= Paisano Grant =

Land grant in South Texas

The Paisano Grant was one of twenty-five land grants made in the Brooks County/Jim Wells County area of South Texas by the Spanish and Mexican governments between 1797 and 1835. The San Salvador del Tule Grant was the earliest on November 8, 1797, given to Juan Jose Balli.
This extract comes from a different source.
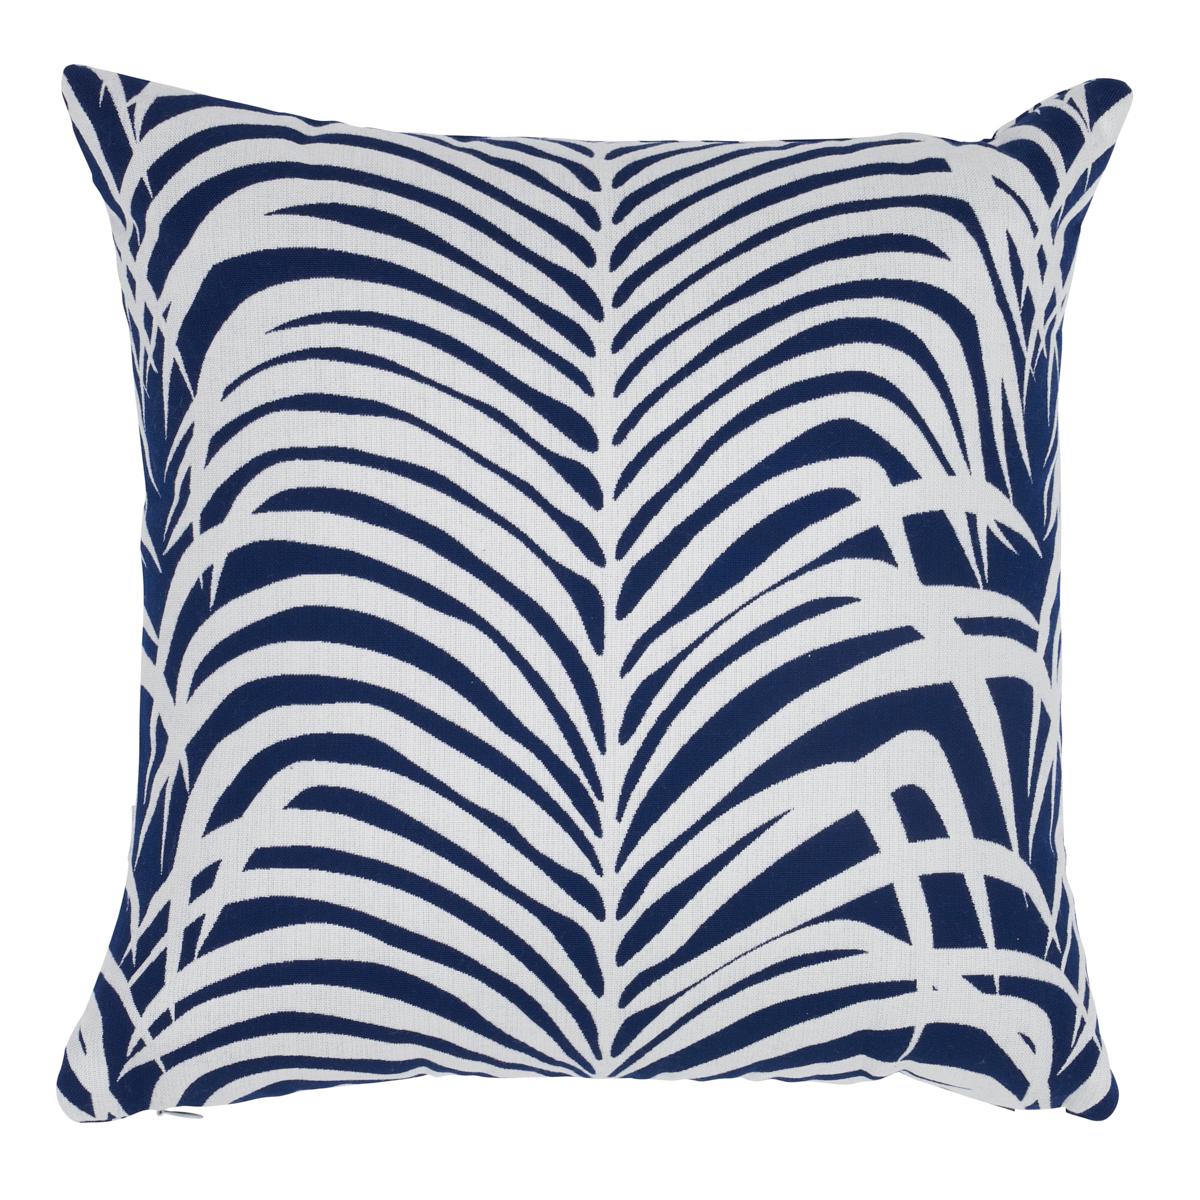 This pillow features Zebra Palm Indoor/Outdoor with a knife edge finish. Inspired by one of our most popular tropical patterns, Zebra Palm Indoor/Outdoor in navy is a chic mid-scale textural design. Pillow includes a polyfill insert and hidden

Other important early grants included El Encino en el Poso, made to Luciano Chapa around 1827. The Paisano Grant was also a key grant in the area, with 11070 acres given to Ramon Garza in 1830. Though many of the families receiving grants settled along the Rio Grande River instead of the isolated area near Jim Wells County, Garza kept livestock on the land, and settled the area near Los Olmos, or present day Falfurrias, Texas.
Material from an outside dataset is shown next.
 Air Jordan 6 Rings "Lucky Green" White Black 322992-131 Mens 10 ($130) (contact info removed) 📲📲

The original grant consisted of 6184 acres in Jim Wells County, 3456 acres in Kleberg County, and 1430 acres in Brooks County. These grants were intended to help colonization of the area by Mexican and Spanish nationals, and strengthen frontier towns along the Texas border. The Paisano Grant succeeded with Garza building a ranch and settling the area.

Though Garza was granted the land in 1830 and had livestock on it, he was not given ownership until he petitioned the local City Council in July 1835 to secure the title for El Paisano. The acting Minister of Treasury of Tamaulipas, José Núñez de Cáceres, certified that Jose Antonio Velasquez deposited 25 pesos for Ramon Garza for the official purchase of The Paisano Grant in late 1835. A ceremony recognizing the possession being given to Garza was held on April 21, 1836.